The researchers named the new species after museum volunteer Joseph Gregor who spent hundreds of hours meticulously scraping and chiseling bones from a block of stone that first caught the eye of the preparator. of fossils from the Pete Kroehler Museum in 2010.
“Pete is one of those people who has kind of an x-ray vision for this stuff,” Carrano said. “He noticed two tiny pieces of bone on the side of this block and marked it to be brought back without really knowing what was in it. Turns out he hit the jackpot.
The fossil is almost entirely complete except for the tail and parts of the hind legs. Carrano said such a complete skeleton is rare for small prehistoric creatures like this one, as their fragile bones were often destroyed either before they fossilized or when they emerged from an eroded rock formation in our lands. days. Accordingly, rhynchocephali are best known to paleontologists from small fragments of their jaws and teeth.
After Kroehler, Gregor and others freed as much of the tiny fossil from the rock as possible given its fragility, the team, led by DeMar, set about scanning the fossil with computerized tomography (CT) at high resolution, a method that uses multiple x-ray images from different angles to create a 3D representation of the sample.
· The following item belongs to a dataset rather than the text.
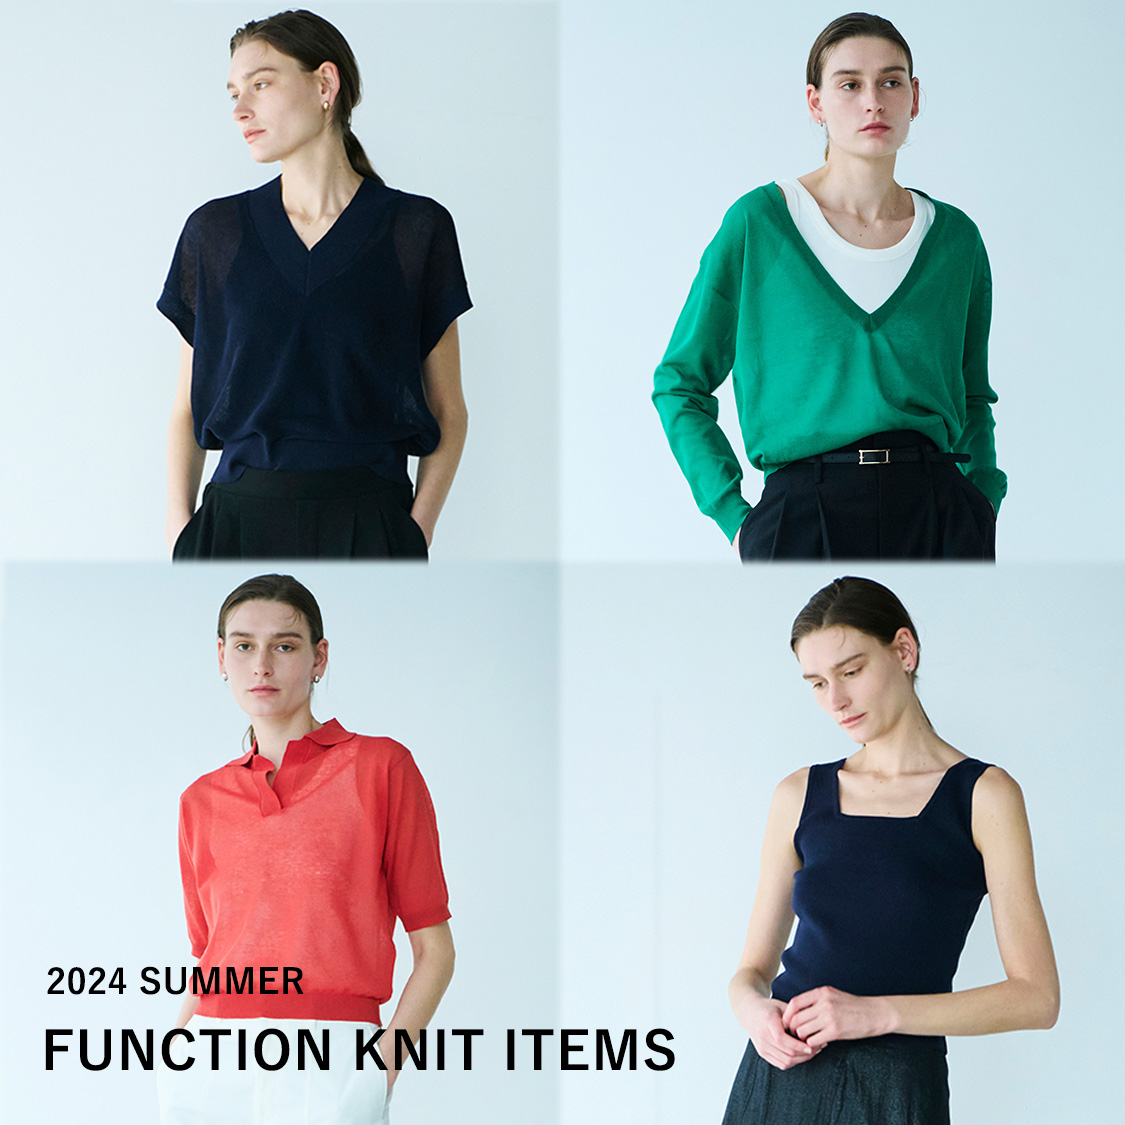 FUNCTION KNIT ITEMS
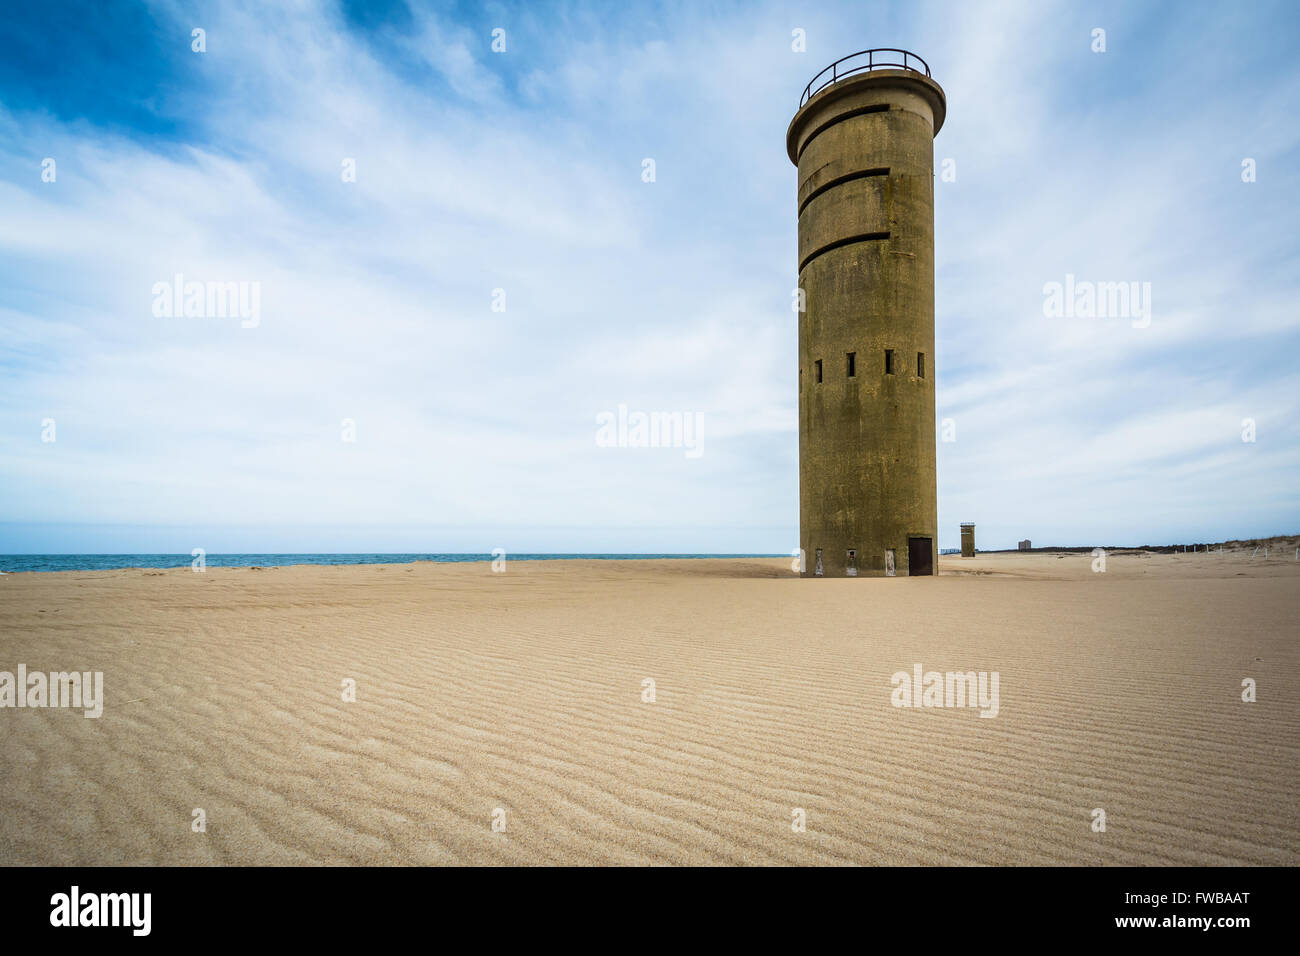 World War II Observation Tower at Cape Henlopen State Park in Rehoboth Beach, Delaware. Stock Photo

The team used three separate CT scan facilities, including one housed at the National Museum of Natural History, to capture everything they could about the fossil.
Once the fossil bones were digitally rendered with sub-millimeter accuracy, DeMar set about reassembling the scanned bones of the skull, some of which were crushed, displaced or missing from one side, using software to finally create an almost complete 3D. reconstruction. The reconstructed 3D skull now offers researchers an unprecedented look into the head of this Jurassic-age reptile.
Given OpisthiamimusDue to its small size, the shape of its teeth and its rigid skull, it likely ate insects, DeMar said, adding that harder-shelled prey such as beetles or water bugs could also have been eaten. appear on the menu. Generally speaking, the new species looks a bit like a miniaturized version of its only surviving relative (tuataras are about five times longer).
“Such a complete specimen has enormous potential for making comparisons with fossils collected in the future and for identifying or reclassifying specimens already sitting somewhere in a museum drawer,” DeMar said. “With the 3D models we have, at some point we could also do studies that use software to examine the mechanics of this creature’s jaw.”
Funding and support for this research was provided by the Smithsonian and the Australian Research Council.